Подавив страх, девочка отважно направилась к воротам.
— Госпожа, туда нельзя. Это опасно, — конюх встал у нее на пути, но она отстранила его.
— Марика, стой! Это безумие! — Глеб схватил Марику за руку, но она вырвалась.
В ее взгляде было столько решимости, что он покорно отступил. Никто больше не пытался ее остановить. Марика с трудом отодвинула тяжелый засов и, приоткрыв ворота, шагнула внутрь, в кромешный ад. Топот, ржание, хрип слились в одну пронзительную какофонию. Взбесившиеся жеребцы вставали на дыбы и били копытами куда попало. Они мотали головами и натужно ржали. С губ слетали хлопья пены. Казалось, даже воздух вокруг пульсирует от дикой паники животных. Как только Марика оказалась лицом к лицу с опасностью, страх, тугим клубком ворочавшийся у нее в груди, разом прошел. Она словно шагнула за ту черту, где ужас бессилен.

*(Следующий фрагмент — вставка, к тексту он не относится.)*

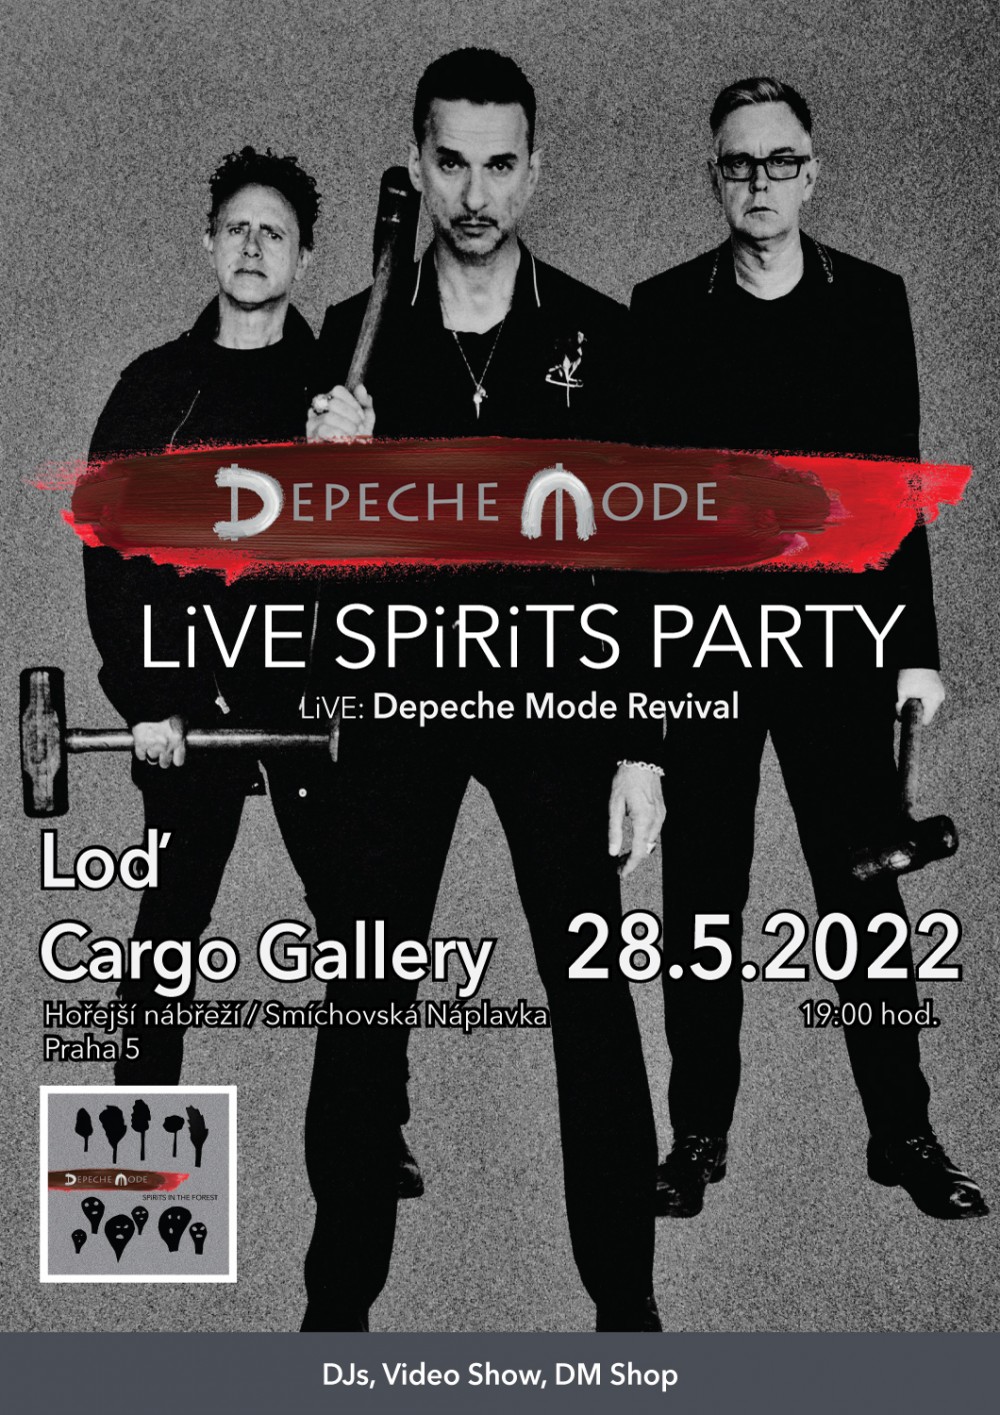 Praha 5: Depeche Mode LiVE SPiRiTS Party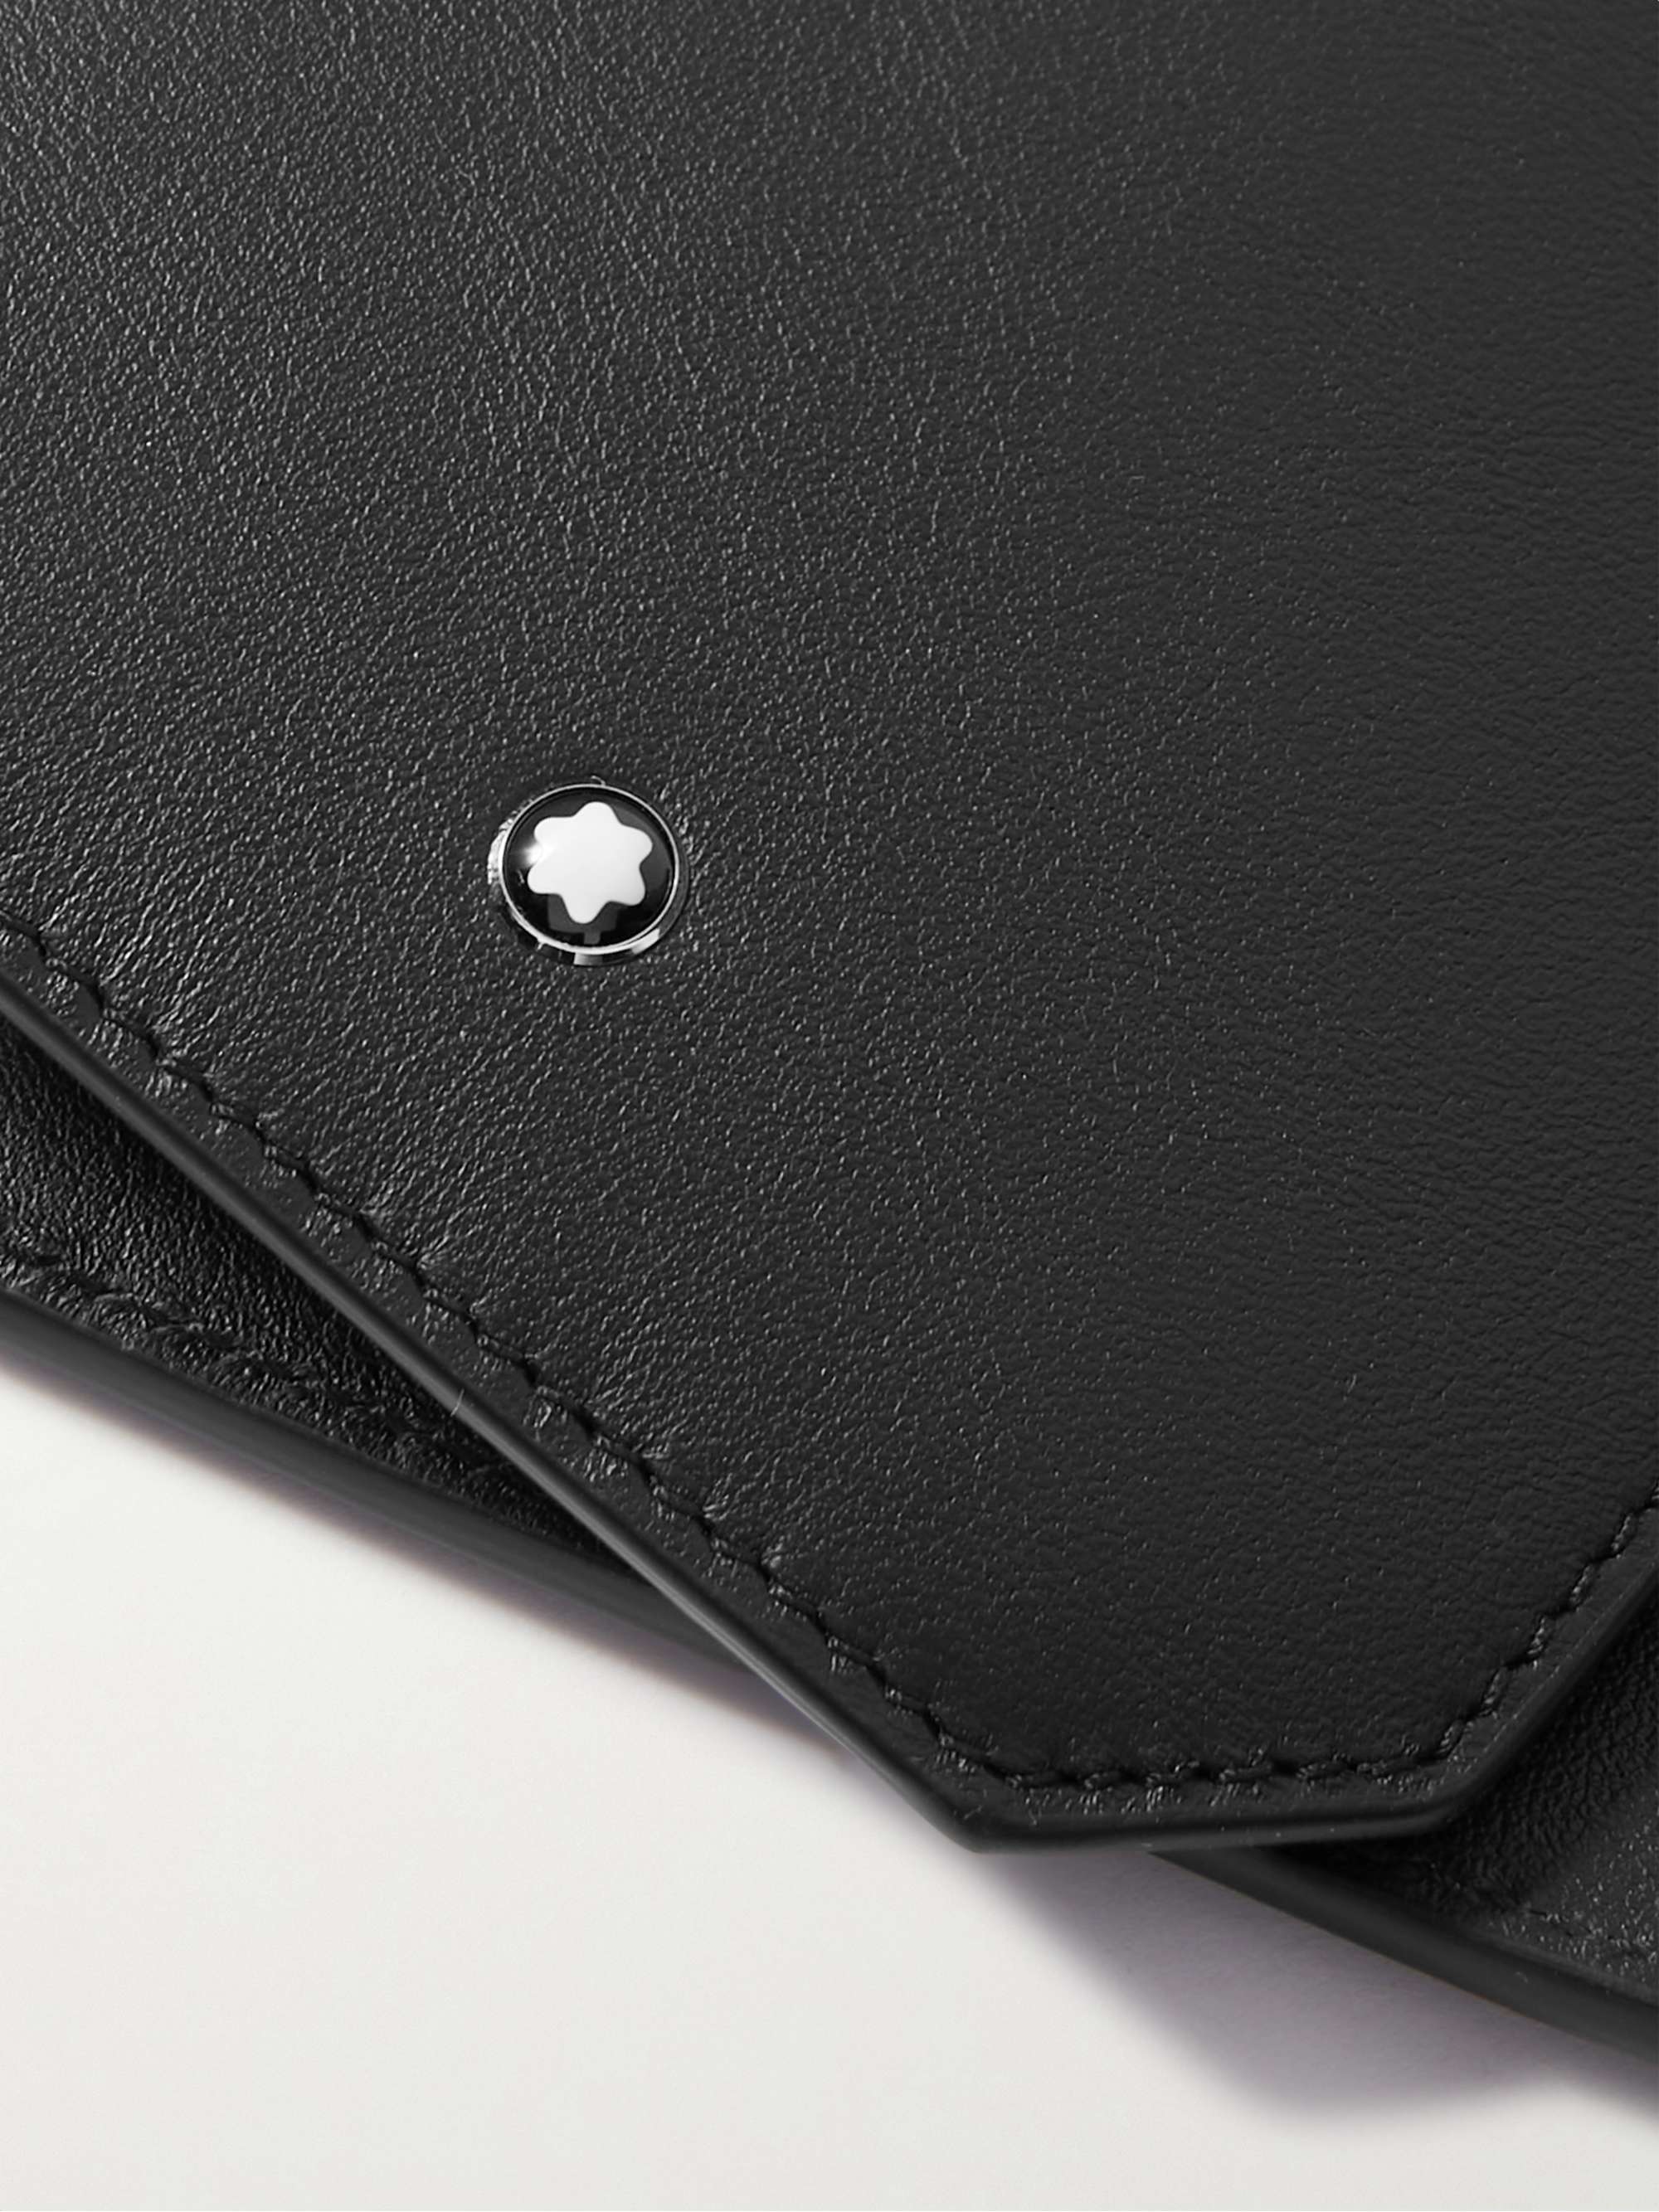 MONTBLANC Meisterstück Leather Billfold Wallet with Lanyard

Ее охватило удивительное спокойствие, будто все происходило не с ней, а она лишь наблюдала со стороны, как кто-то другой бросил вызов творившемуся безумию.
Марика поискала глазами Резвого. Конь бил копытами и яростно мотал головой. Девочка мысленно воззвала к своему любимцу, надеясь, что тот услышит ее молчаливый призыв. Резвый повернул голову и налитым кровью красным глазом уставился на хозяйку. Марика беззвучно уговаривала и успокаивала его. Конь вскинулся на дыбы и протяжно заржал, точно разрывался между двух огней: желанием повиноваться хозяйке и охватившим его бешенством.
Невозможность говорить жгла девочку. Если бы только она могла произнести ласковые слова, которые теснились у нее на языке. Ей казалось, что все невысказанное сплелось в золотой шар. Она даже ощущала в груди исходящее от него тепло. Повинуясь необъяснимому порыву, Марика воздела руки и направила открытые ладони на беснующихся коней. Она почти физически ощутила, как потоки золотого света незримыми лучами заструились по конюшне.
Постепенно кони стали затихать. Топот и ржание смолкли. Лишь тяжелое дыхание и похрапывание лошадей говорили об их недавнем возбуждении.
Марика не замечала перемены, происшедшей с животными, и даже не осознавала, что сотворила чудо. На какое-то время мир вокруг перестал для нее существовать. Она всецело отдалась пронизывающему ее свету и словно растворилась в волнах бескрайнего счастья.
Золотой поток стал слабеть. Вместе с ним из Марики утекали силы. Незримые нити истончались и исчезали. На девочку накатила приятная истома.
Шум в конюшне стих, и вместе с ним прошло странное оцепенение, охватившее ожидавшую снаружи толпу.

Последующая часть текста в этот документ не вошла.